Following this, the patient had a complex medical course, as her intolerance to oral intake persisted. She declined nasogastric feeds, eventually required total parenteral nutrition (TPN), and though her nausea gradually improved she continued to have limited oral intake until delivering her child. Her symptoms resolved completely immediately following her delivery and she has not experienced any further episodes of dystonia or akathisia.

Discussion

We report a case of an oculogyric crisis occurring in a young primigravid female treated with prochlorperazine for hyperemesis gravidarum. Although one can expect between 50 and 90% of women can develop nausea and vomiting in pregnancy, only 0.5% of patients will develop a severe enough disease that will result in weight loss, ketonuria, dehydration and electrolyte imbalances requiring hospitalisation [3]. Phenothiazines, and thus prochlorperazine, were given a I-A rating by the Society of Obstetricians and Gynaecologist of Canada clinical practice guidelines based on the results of several studies and clinical trials, where they significantly improved nausea and vomiting without conferring any additional teratogenic risk to the foetus [4]. These guidelines, however, do not take into account what other side effects these medications can have on the patient.

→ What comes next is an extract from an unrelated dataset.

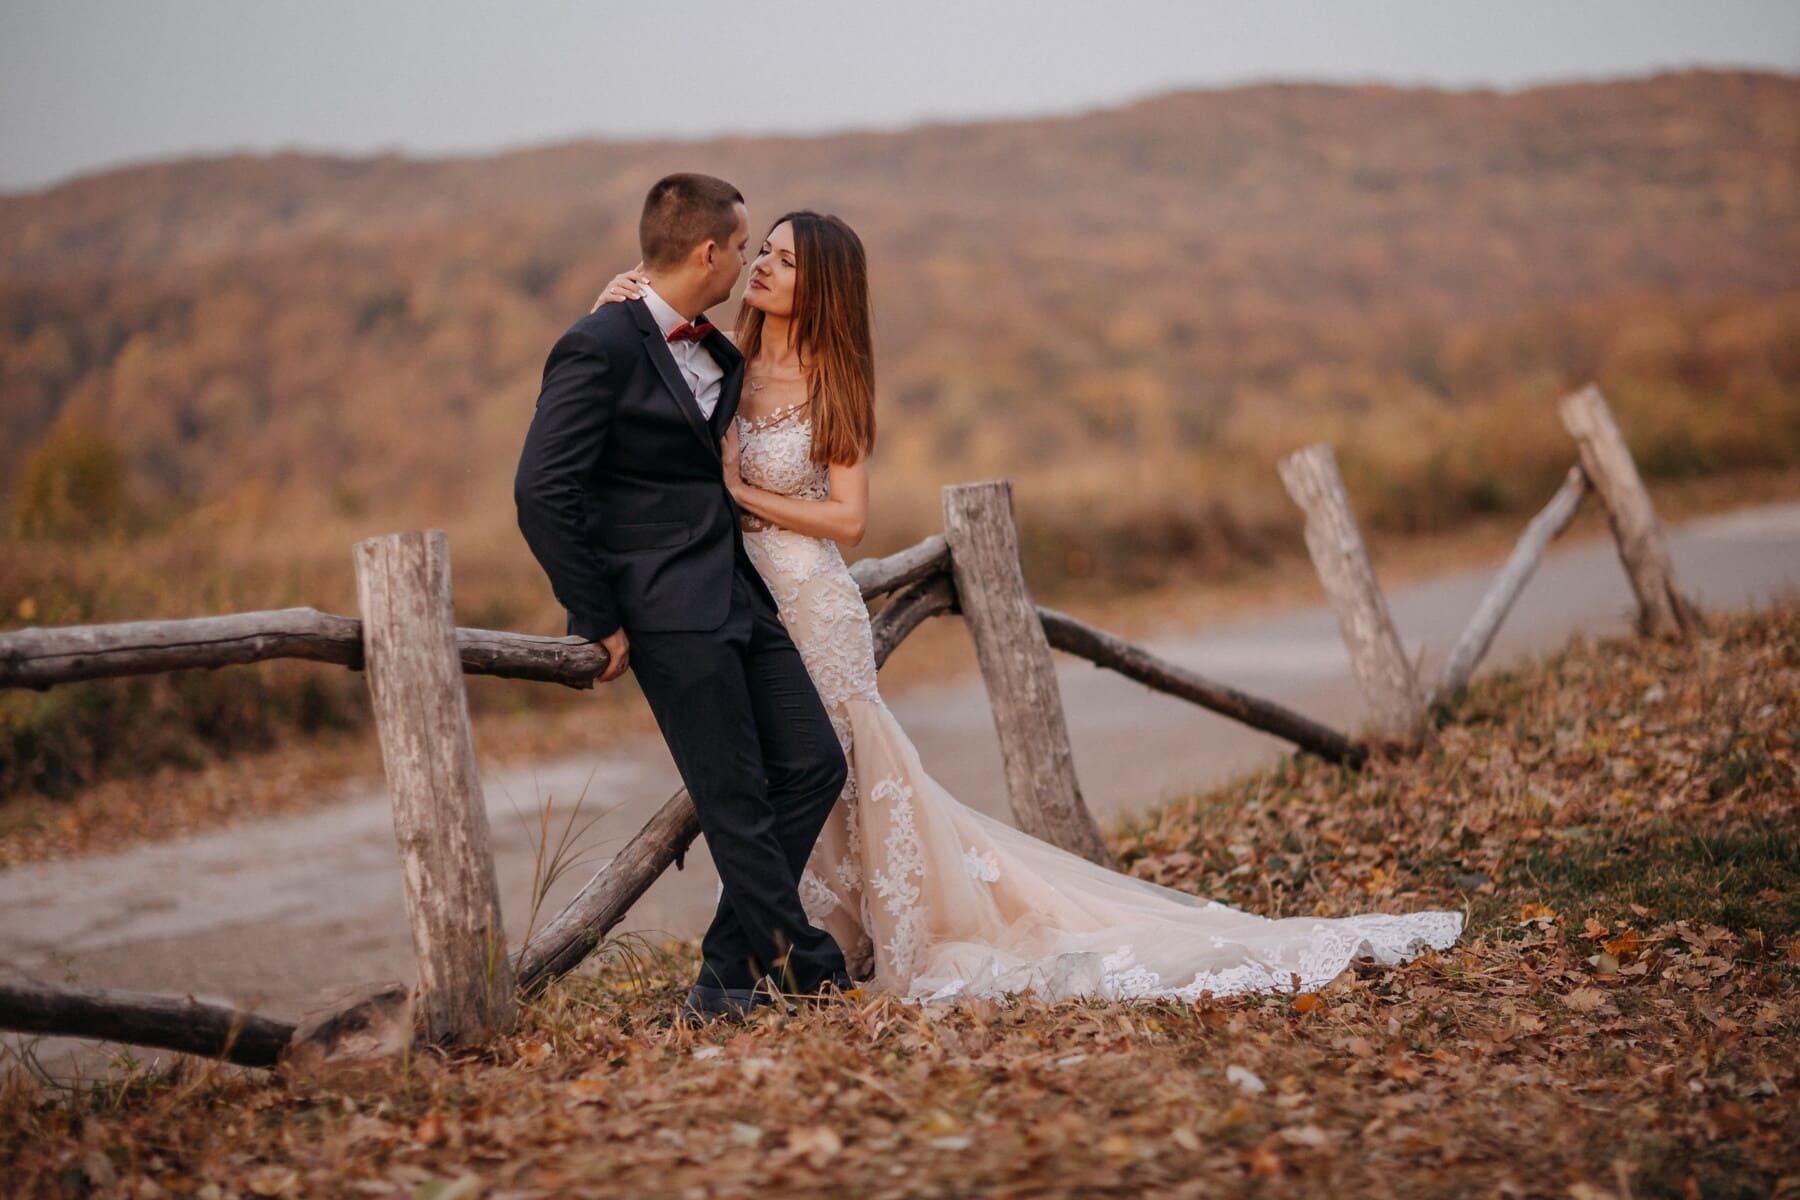 Herbst, Straße, Braut, Bräutigam, Landschaft, romantische, Zaun, Mädchen, Natur, Hochzeit

We want to emphasise in this report how easily akathisia can be missed in a patient anxious to be discharged. While one report found that 16% and 4% of patients admitted to the emergency department developed akathisia and dystonic reactions respectively to prochlorperazine [1], this phenomenon is very infrequently seen in obstetrics, as only a fraction of pregnant patients will develop akathisia and dystonia concurrently with hyperemesis gravidarum [6, 9]. While the risk of developing NMS has been linked with male gender, loading dose and dehydration, no statistical difference has been found with the dosage or gender of patients developing akathisia and dystonia in response to prochlorperazine [1, 7, 10]. The question as to whether the physiological and endocrinological changes that occur in pregnancy predispose women to developing these reactions is explored in an excellent review by Wright [10]. The patient’s presentation was particularly unusual not only in its severity, but also because the patient did not fit any of the classical expectations as to what would expose someone to the risk of NMS; this includes sex, dehydration, since she had been receiving IV fluids, and loading dose, as she had received a low potency neuroleptic over several days.

Both the rare and initially unimpressive nature of this event made it easy to dismiss the patient’s initial presentation and this could have led to her discharge with potentially disastrous consequences. While prochlorperazine has previously been reported to cause dystonia, in the context of viral infections and as a result, prochlorperazine’s use was restricted in children [2, 8], it is unclear if the patient’s initial presentation with a urinary tract infection contributed to her subsequent response to prochlorperazine.

While the eventual development of the oculogyric crisis made for a rapid diagnosis and was straightforward to treat with 50 mg diphenhydramine and the discontinuation of the prochlorperazine, we believe it is important to maintain a high degree of suspicion for complaints of muscular pain and stiffness and uncharacteristic changes in behaviour, as these may precede a focal dystonia that can progress into life-threatening conditions such as laryngospasms and NMS.